L’assurda morte di una bambina di dieci anni, ha suscitato sgomento e un mare di interrogativi collegati ad adolescenti e web. Due mondi che si intrecciano sempre di più. Il padre della bambina è convinto che quel gioco che le è costato la vita sia scaturito da quel mondo. Una tragedia che ha immediatamente chiamato in causa il ruolo dei genitori. Lui ribatte ai giornali: “Controllarli?

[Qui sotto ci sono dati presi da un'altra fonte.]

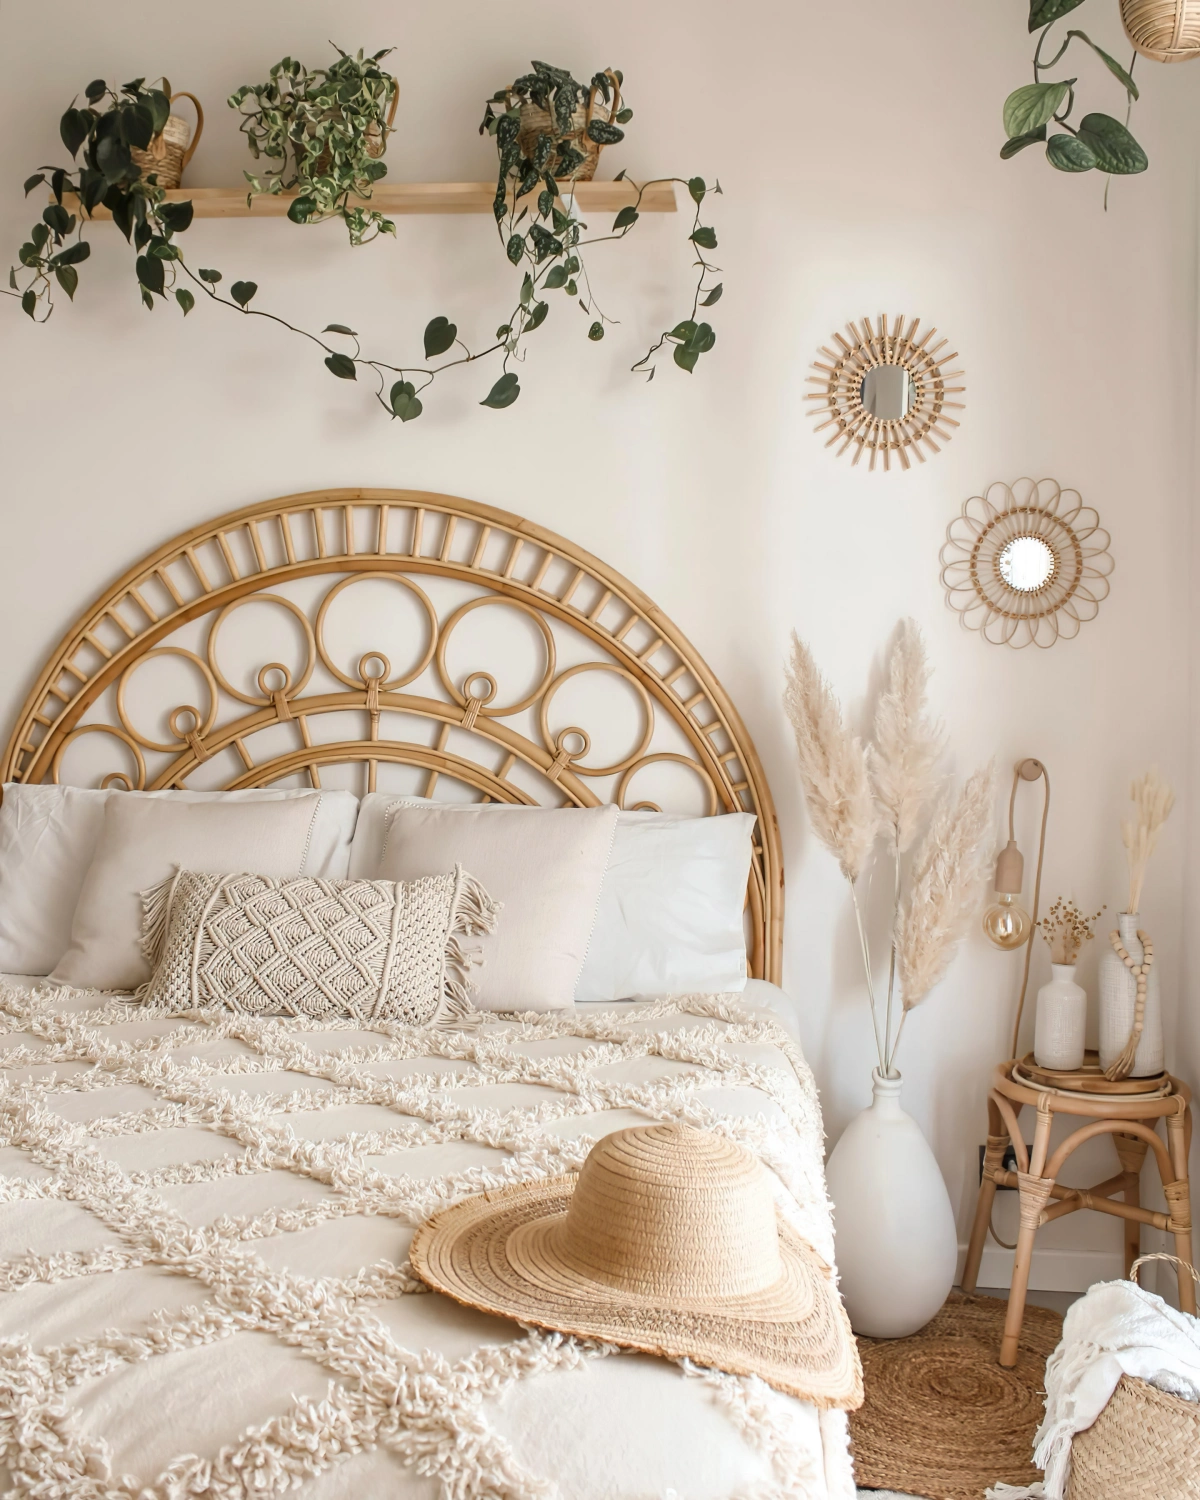 tete de lit rotin etagere bois plantes vertes chambre boheme scandinave mur miroirs soleil

Ma se c’è la fiducia, se c’è il dialogo che avevo con mia figlia, non ti metti a controllare”. Antonella viene descritta come una bambina “solare e studiosa”, gli insegnanti sottolineano come la mamma fosse “attenta e premurosa”. Nella sua scuola c’è dolore tutte le classi sono state guidate in “una riflessione sui pericoli della rete”.
Alberto Pellai, medico e psicoterapeuta, osservando come il dramma si sia “consumato in casa, nel luogo più sicuro per un bambino”, rileva che “viviamo in un ambiente digitale che ogni giorno genera infiniti messaggi sui quali è impossibile avere il controllo assoluto e chi sta crescendo impara a decodificarli nel qui ed ora dell’esperienza, senza manuali di istruzioni”. Rimarca inoltre che “in preadolescenza e per tutta la prima adolescenza il cervello ha una grande fame di sensazioni estreme” e “il confine tra vita e morte smette di essere percepito in modo realistico, all’interno di sfide intraprese nella totale inesperienza che connota questa età”.
“L’aspetto che più degli altri deve farci riflettere – continua – è che nei social i nostri figli sono soli. Sono in contatto virtuale con centinaia e migliaia di altri follower, ma nella realtà sono soli con se stessi”. “Per noi genitori – conclude – sostenere la crescita dei nostri figli in un mondo che rende finto tutto è sempre più difficile”.